Estou a uns largos 6ºC da mínima de Mira  Tomar também baixou mais do pensava. 

Agora Lisboa e Porto foram literalmente duas estufas


----------



## guisilva5000 (7 Ago 2016 às 14:15)

12 UTC - IPMA

Monção:* 33,3ºC* (ainda vai disparar)
Miranda do Douro: *31,5ºC *(será igual ao flop de ontem?)
Pinhão:* 34,6ºC *(mais uma ainda por disparar)
Porto: *36,3ºC*
Viseu: *32,9ºC*
Mira:* 36,4ºC  *(a quantos é que esta já estragou?)
Penhas Douradas: *27,3ºC*
Tomar: *40,4ºC*
Lisboa: *34,1ºC*
Praia da Rainha:* 27,6ºC* (Já deve ter tocado nos 30ºC às 10 UTC, vento de SW a estragar)
Reguengos: *36,3ºC*

Acho que Lisboa está a ser um flop, o Porto está mais quente, ontem foi o mesmo.

Wunderground - Máxima

Aljezur: *32,6ºC*


----------



## Skizzo (7 Ago 2016 às 15:04)

Realmente é estranho, ainda por cima é Pedras Rubras, essa nunca é mais quente que nada


----------



## 1337 (7 Ago 2016 às 15:11)

Skizzo disse:


> Realmente é estranho, ainda por cima é Pedras Rubras, essa nunca é mais quente que nada


Não tem nada de estranho, é a melhor representante do Porto, todas as outras são RUEMAS


----------



## Skizzo (7 Ago 2016 às 15:15)

A de S. Gens é EMA, sempre foi. A de P.Rubras representa mal o Porto, e eu vivendo no Porto sei disso. Jamais uma estação longe da cidade será melhor que uma EMA que está mais perto. Seria como dizer que a de Sintra representa Lisboa bem.


----------



## Ruipedroo (7 Ago 2016 às 15:19)

Substimei tanto o Porto


----------



## AnDré (7 Ago 2016 às 15:21)

Jorge_scp disse:


> Desconfiei disso quando reparei na tua aposta... duas estações muito perto mas bem diferentes.
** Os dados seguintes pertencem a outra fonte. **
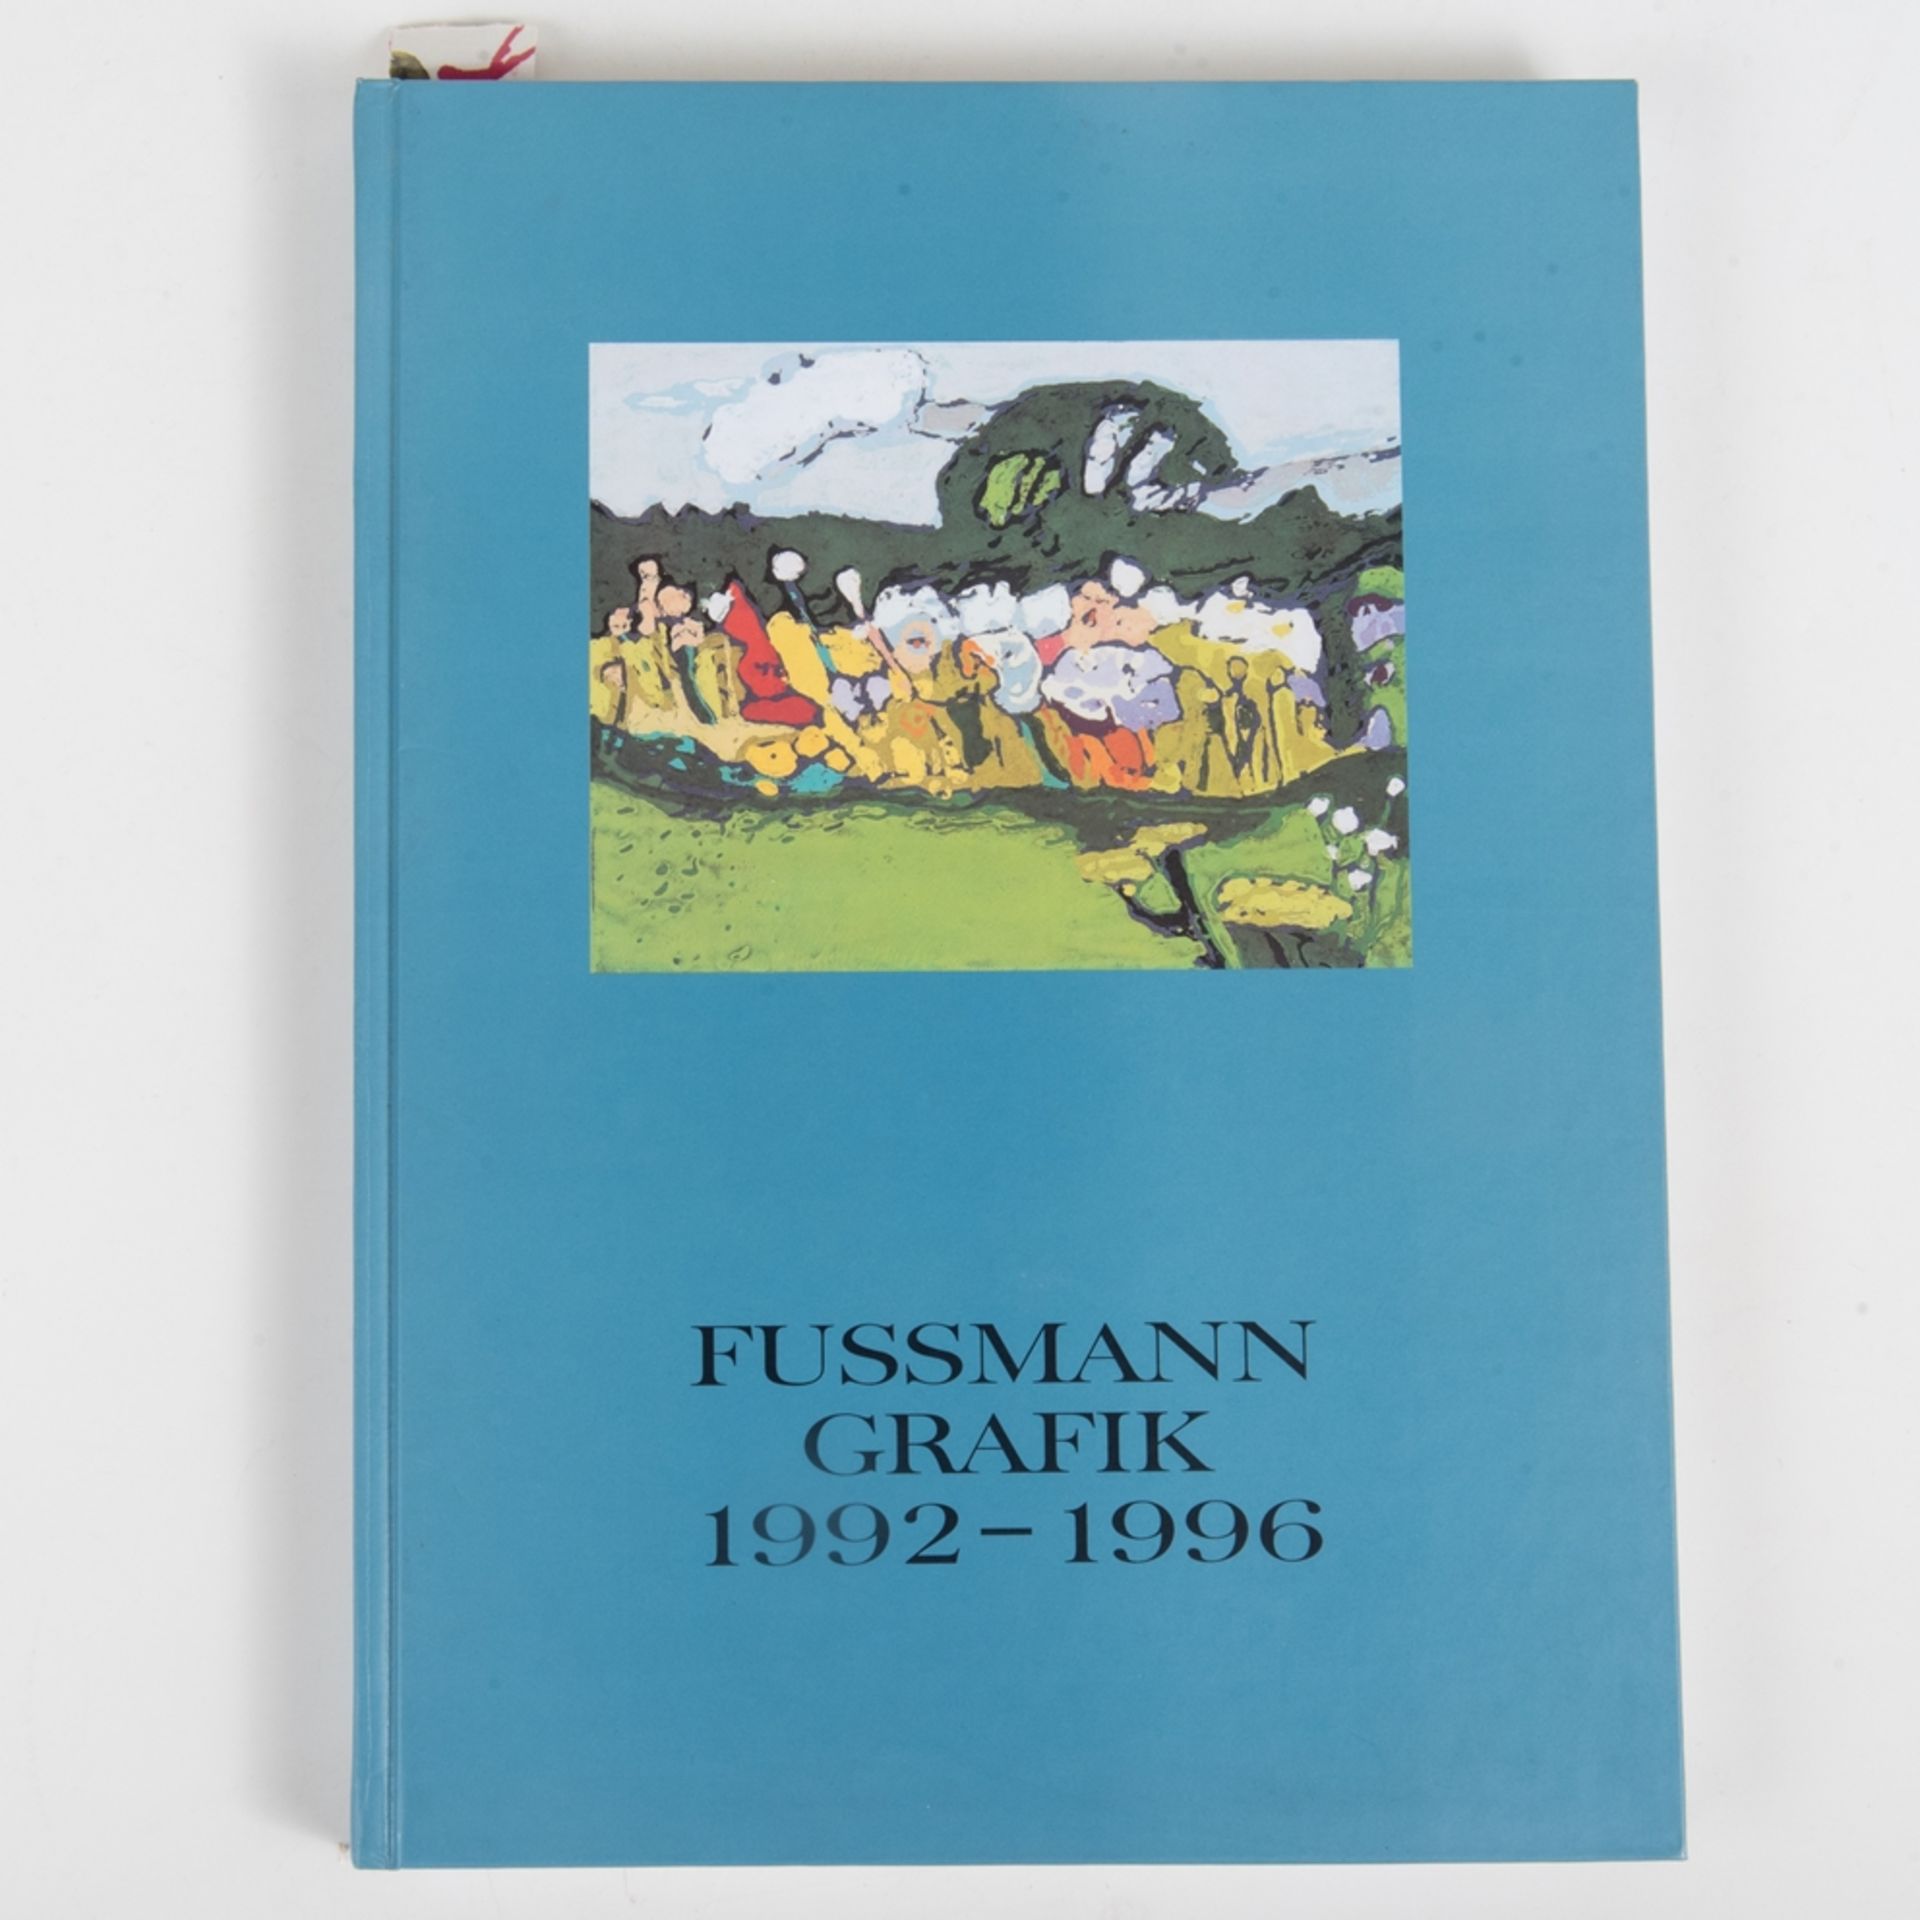 Fussmann, Klaus1938 Velbert - tätig ebenda. Werkverzeichnis der Druckgrafik der Jahre 1992 - 1996,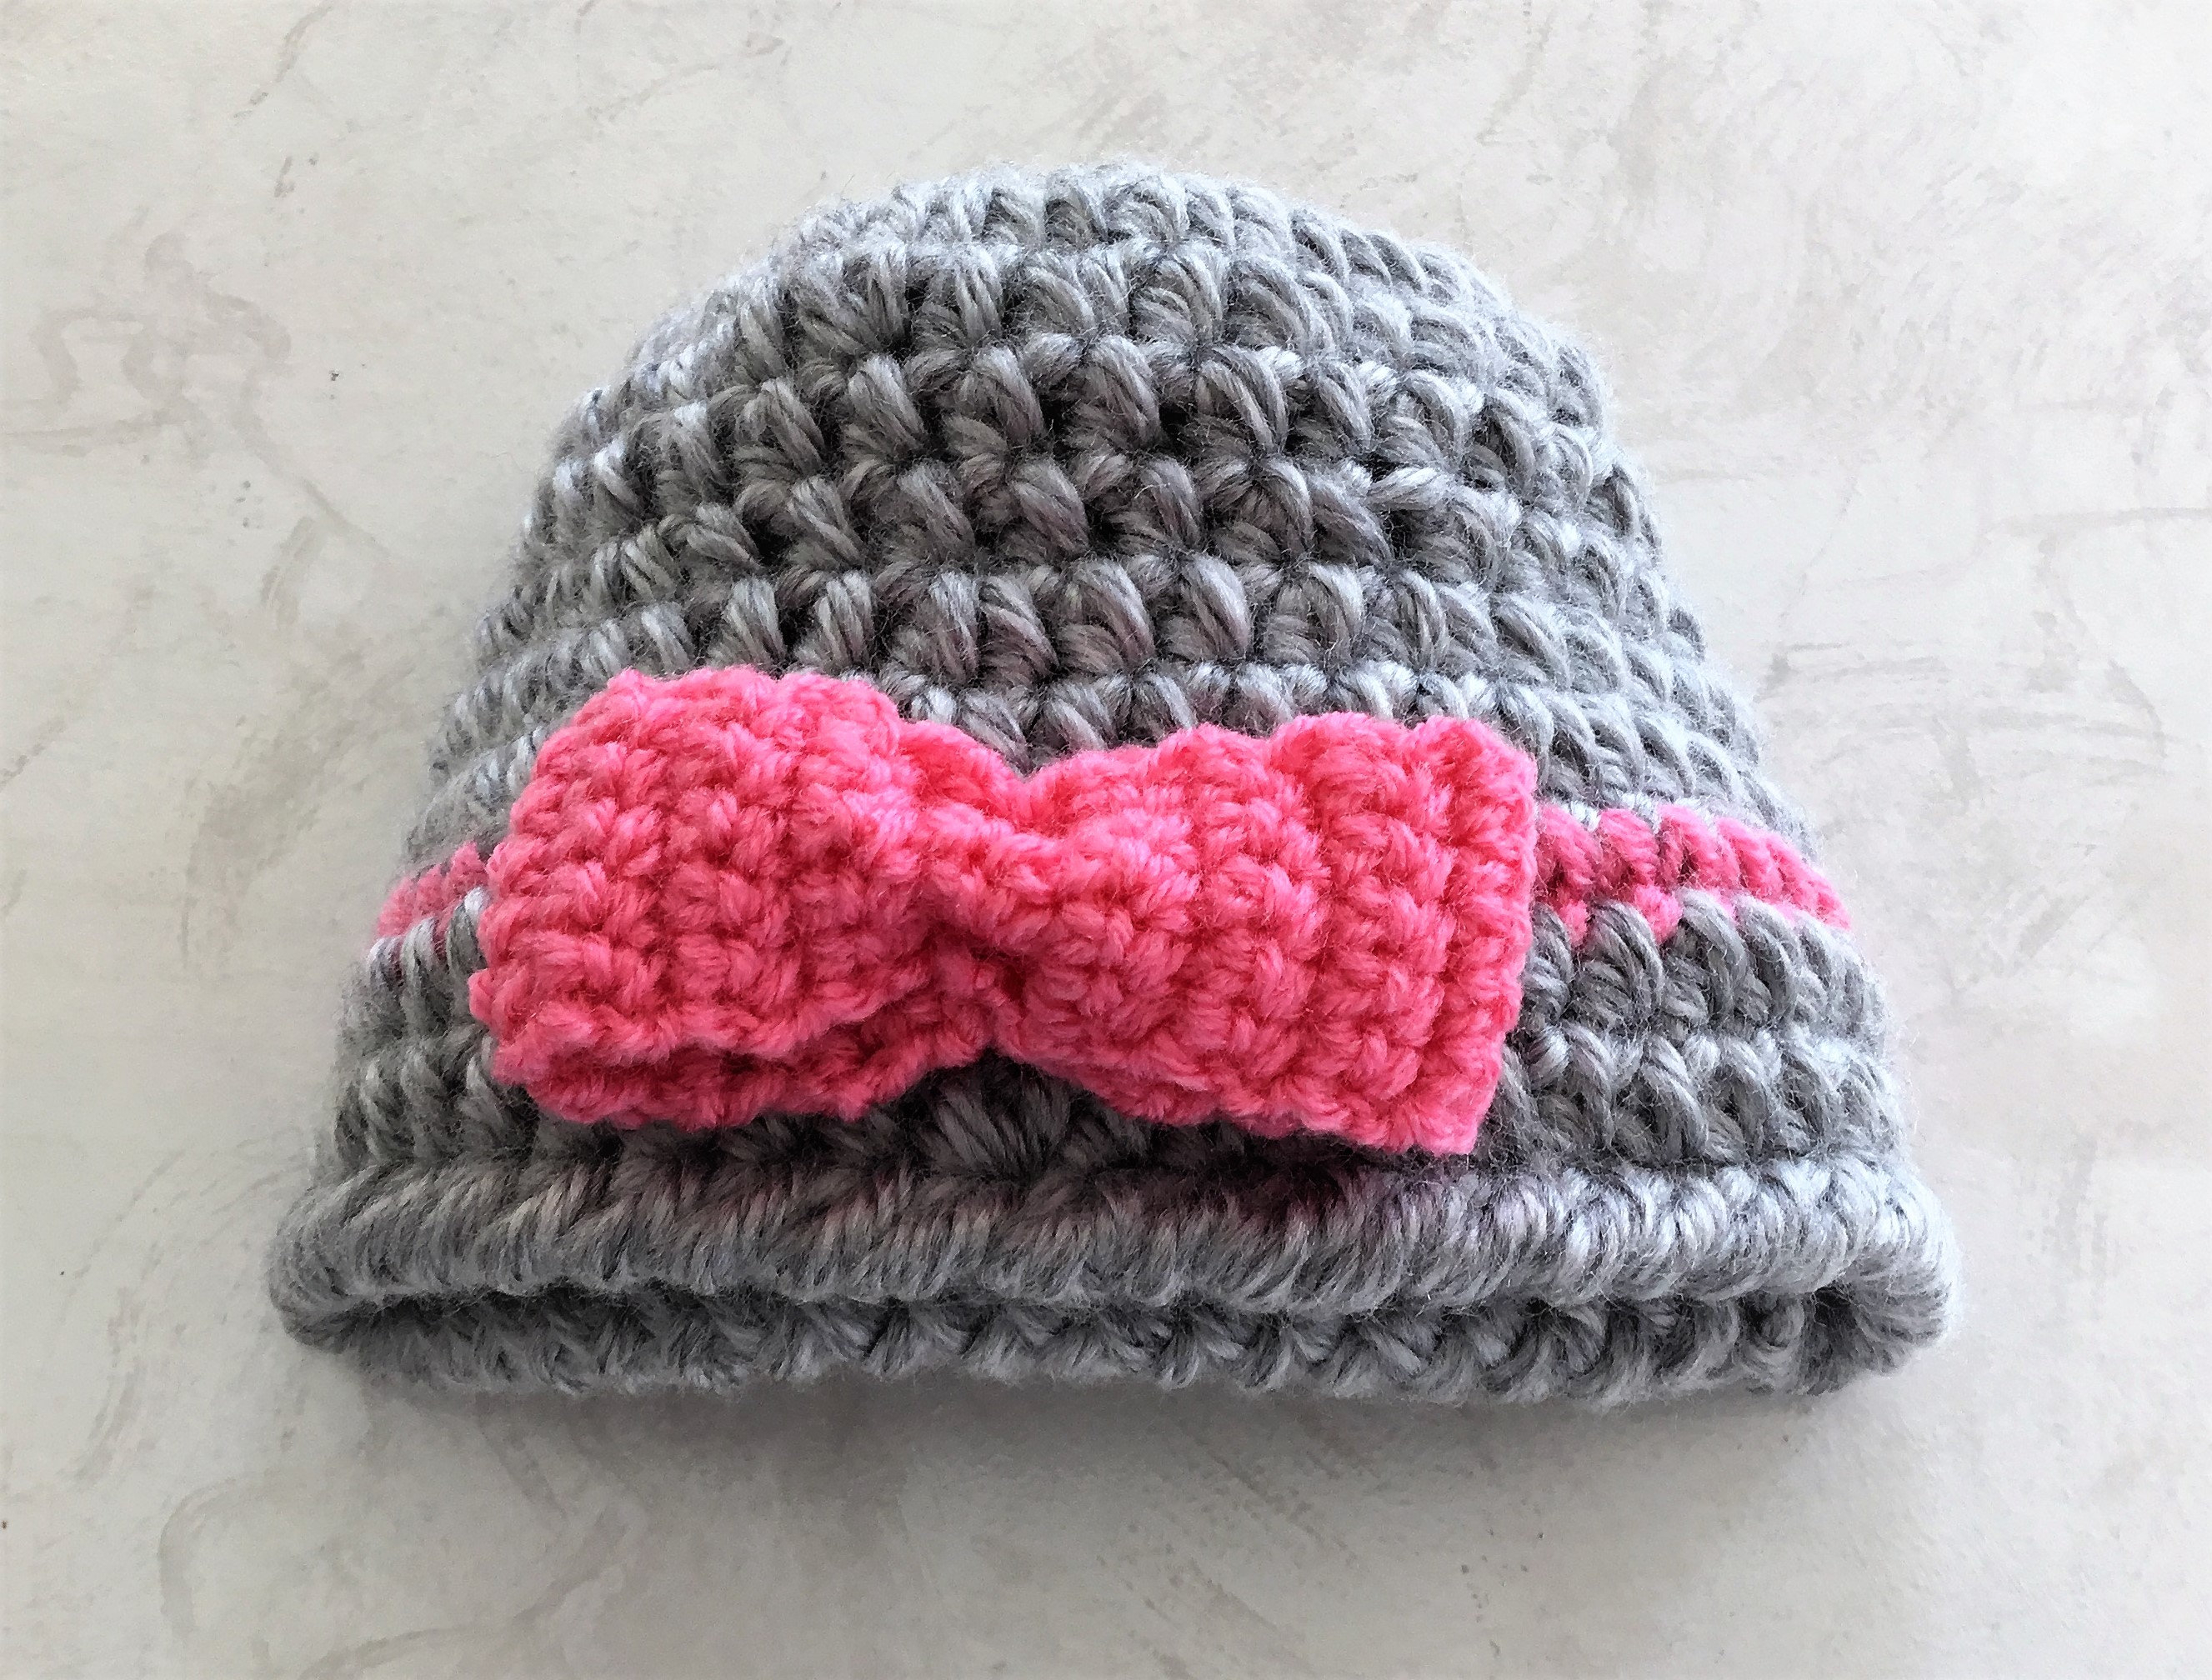 Easy Beginner Crochet Patterns Crochet Pattern Childs Winter Hat With Bow Easy Beginner Etsy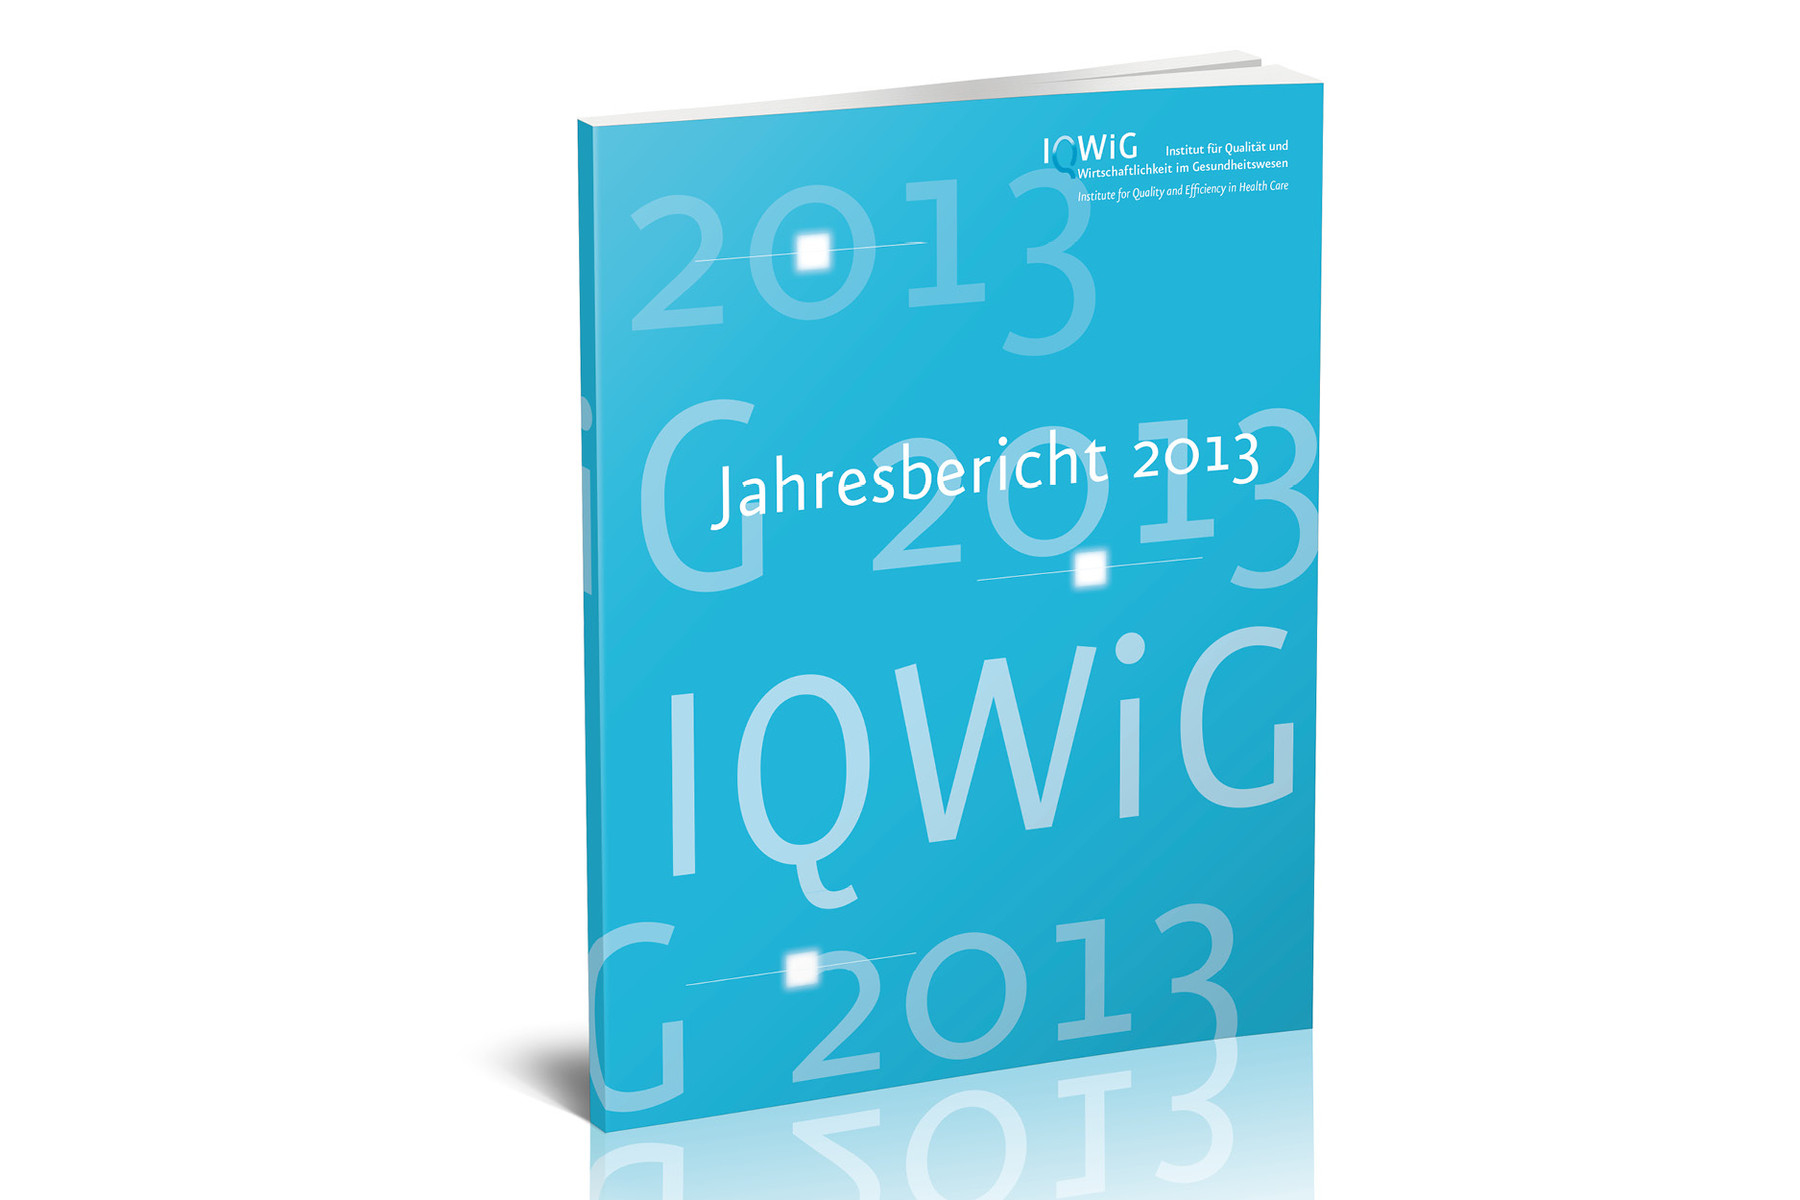 IQWIG — Institut für Qualität und Wirtschaftlichkeit im Gesundheitswesen

Na estação do WU nunca terás uma inversão como na do IPMA (bem no fundo do vale onde se situa a vila de Aljezur) e também as máximas não serão tão altas...



Copiei o formato das apostas para um bloco de notas, e aos poucos, durante o dia, fui preenchendo no trabalho.
Devia ter lido o post todo e não somente aquela parte. 

Essa falha minha atira-me logo para o meio da tabela. Isso, a juntar à péssima prestação que tive no Porto, Mira e Miranda do Douro, afundam-me completamente na tabela. Vai ser a minha pior prestação de sempre. Quero a desforra!


----------



## guisilva5000 (7 Ago 2016 às 15:22)

Dunas de Mira - *36,7ºC* 13 UTC

Deve ser das maiores máximas da estação alguma vez registada, estando no local que está...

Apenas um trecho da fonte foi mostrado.